▼▼▼

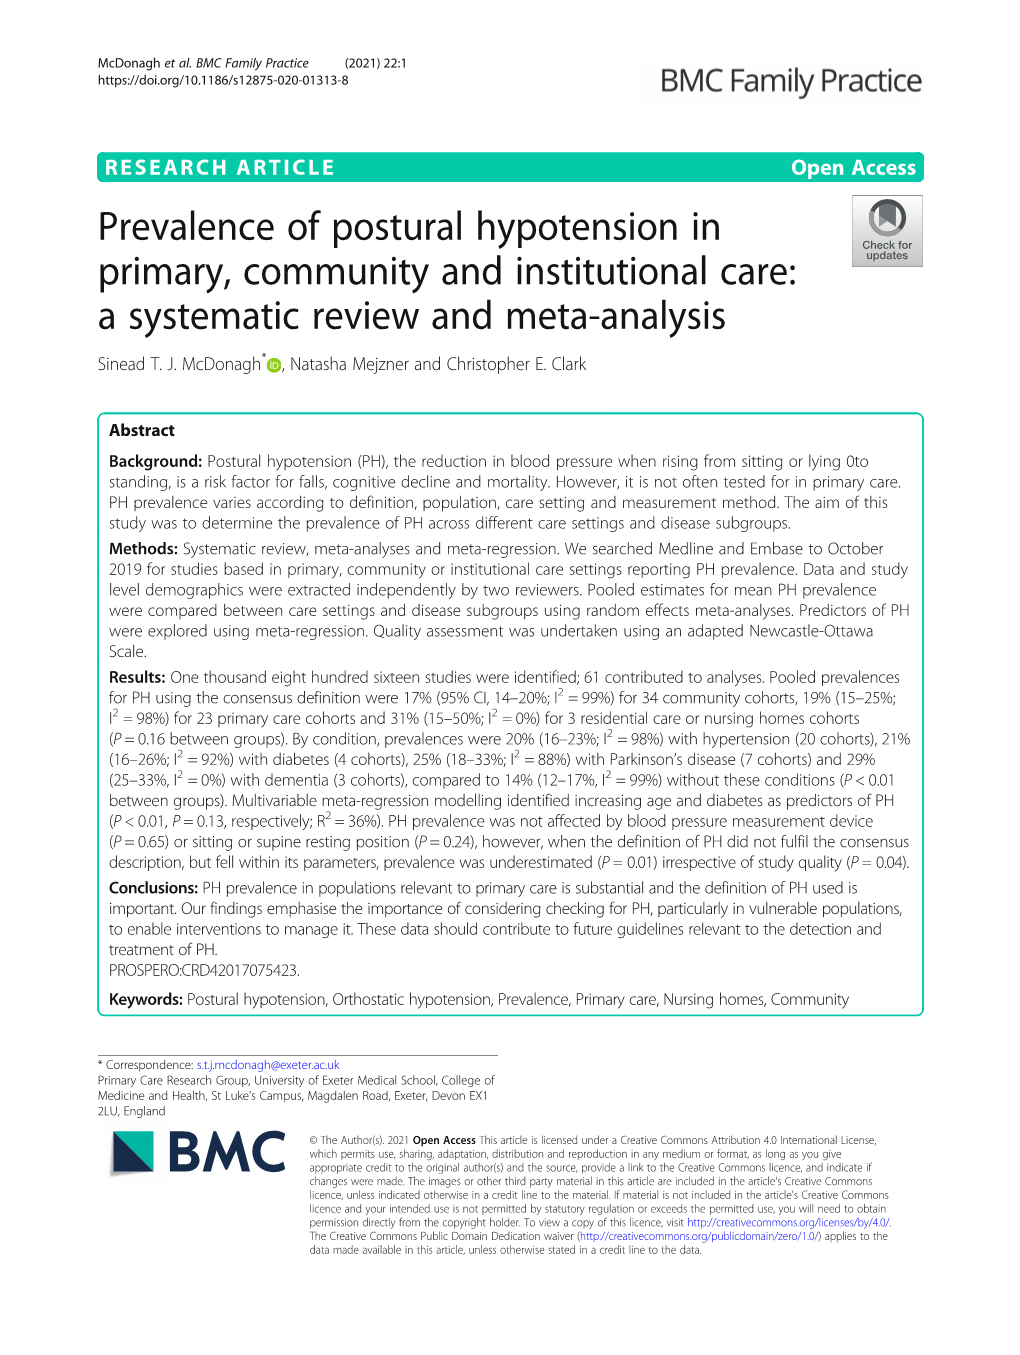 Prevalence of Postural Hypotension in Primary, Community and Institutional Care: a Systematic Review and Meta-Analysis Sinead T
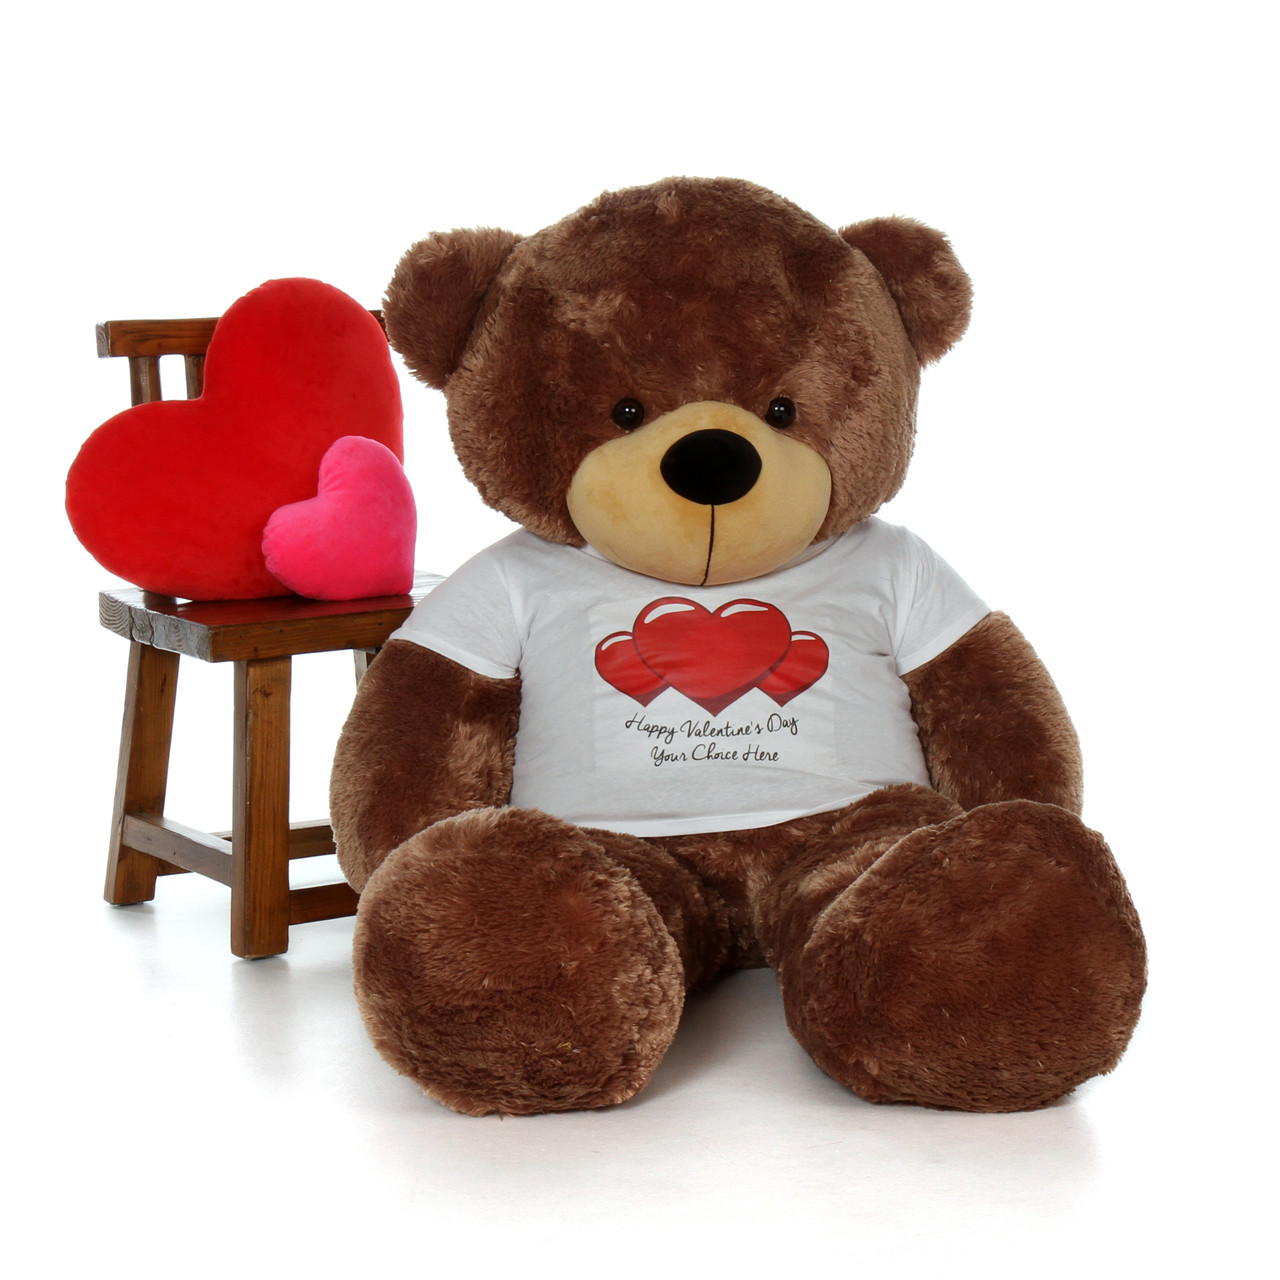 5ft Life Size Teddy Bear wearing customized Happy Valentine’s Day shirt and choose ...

▲▲▲
▼▼▼

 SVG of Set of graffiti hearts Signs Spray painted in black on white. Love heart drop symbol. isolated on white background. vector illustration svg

▲▲▲

ACTIVITY: Repeat exactly, and only, the entries from the line with "Prevalence of Postural" through the line with "5ft Life Size". Pictures are skipped.

EXERCISE OUTPUT:
 Prevalence of Postural Hypotension in Primary, Community and Institutional Care: a Systematic Review and Meta-Analysis Sinead T
 5ft Life Size Teddy Bear wearing customized Happy Valentine’s Day shirt and choose ...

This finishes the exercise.